Michelle, can you link this? I could get him tomorrow


----------



## Summergirl73 (Sep 18, 2011)

If I could pull him, is there a foster family I could bring him too?


----------



## Summergirl73 (Sep 18, 2011)

Great news! Just spoke with the Wake County shelter and was told (by a very lovely one - Praise God!) that Ihop has a family "owner" they are working with and several rescues are also on standby. I told them I could be there to pull him if necessary and they feel very confident in his new "owner".


----------



## michellerobison (Dec 17, 2009)

He could be missing Bianco, wouldn't be the first time a shelter guessed the age wrong. If he's got a missing toe nail on front foot, didn't say which one,could be him... also says cusp fractures of upper teeth? That's on Bianco. If Ihop has any of these,please contact the owner.

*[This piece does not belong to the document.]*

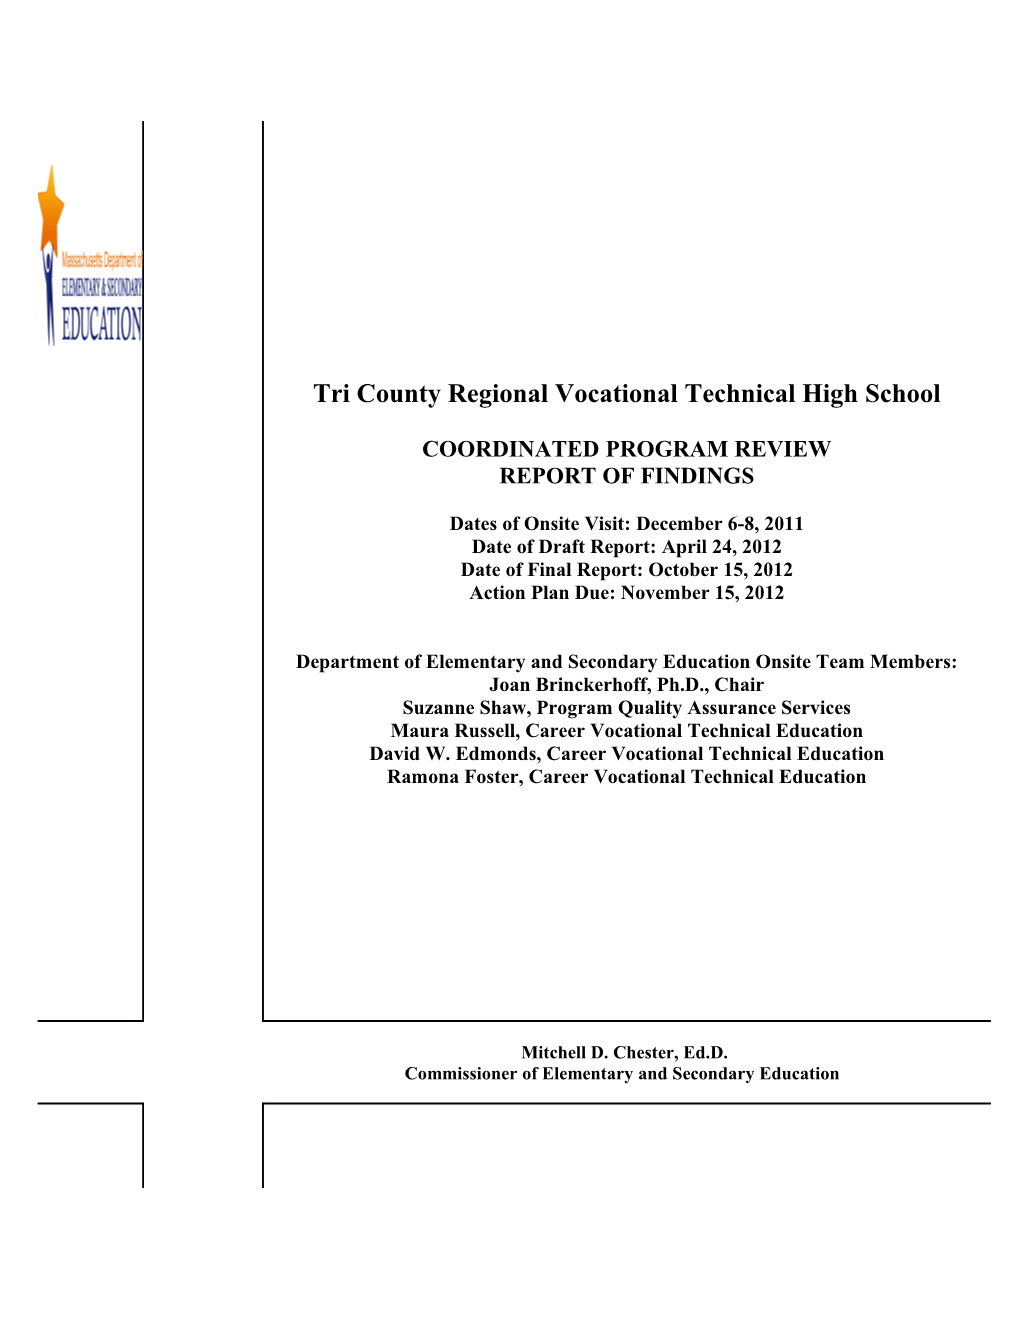 Tri County RVTS Final Report 2012

https://www.facebook.com/photo.php?fbid=4306557579332&set=p.4306557579332&type=1&theater&notif_t=like


----------



## bailey02 (May 1, 2009)

Wow Michelle that would be interesting if it was Bianco..


----------



## michellerobison (Dec 17, 2009)

Not Bianco,I finally got through, the owner described him down to a mole and a cyst and a cataract...So it's not him. He was stolen from her yard two weeks ago...


----------



## lmillette (Apr 23, 2012)

I sure hope this new "owner" works and/or a rescue pulls. I would hate to find out this one fell throught the cracks. Poor boy must be so scared.


----------



## Summergirl73 (Sep 18, 2011)

I agree Lindsay. This particular shelter seemed very kind and welcoming. I got good vibes from them, so hopefully my instincts were correct. They answer the phone immediately and they seem very willing to help. Paws crossed for a beautiful new beginning for Ihop.


----------



## michellerobison (Dec 17, 2009)

Bianco's owner is still looking, sadly since he offered a reward, lots of scammers are calling....
I told him the reward unfortunately brings those people out. He thought if he offered a reward it would encourage them to return him over maybe getting only $100 for selling him... I told him, if it came down to a reward and getting caught and the reward wouldn't cover bail and choosing $100 in a quick untraceable sale,they'd probably take the $100 in an untraceable sale...
Misha was micro chipped, Bianco wasn't...


----------



## lmillette (Apr 23, 2012)

It is so sad Michelle!!! I just wish he could be found too. I can't even begin to imagine what these babies endured.


----------



## lmillette (Apr 23, 2012)

Summergirl73 said:


> I agree Lindsay. This particular shelter seemed very kind and welcoming. I got good vibes from them, so hopefully my instincts were correct. They answer the phone immediately and they seem very willing to help. Paws crossed for a beautiful new beginning for Ihop.


I sure hope that is promising. Ihop definitely deserves a new beginnig. If you find out anything else, keep us posetd.


----------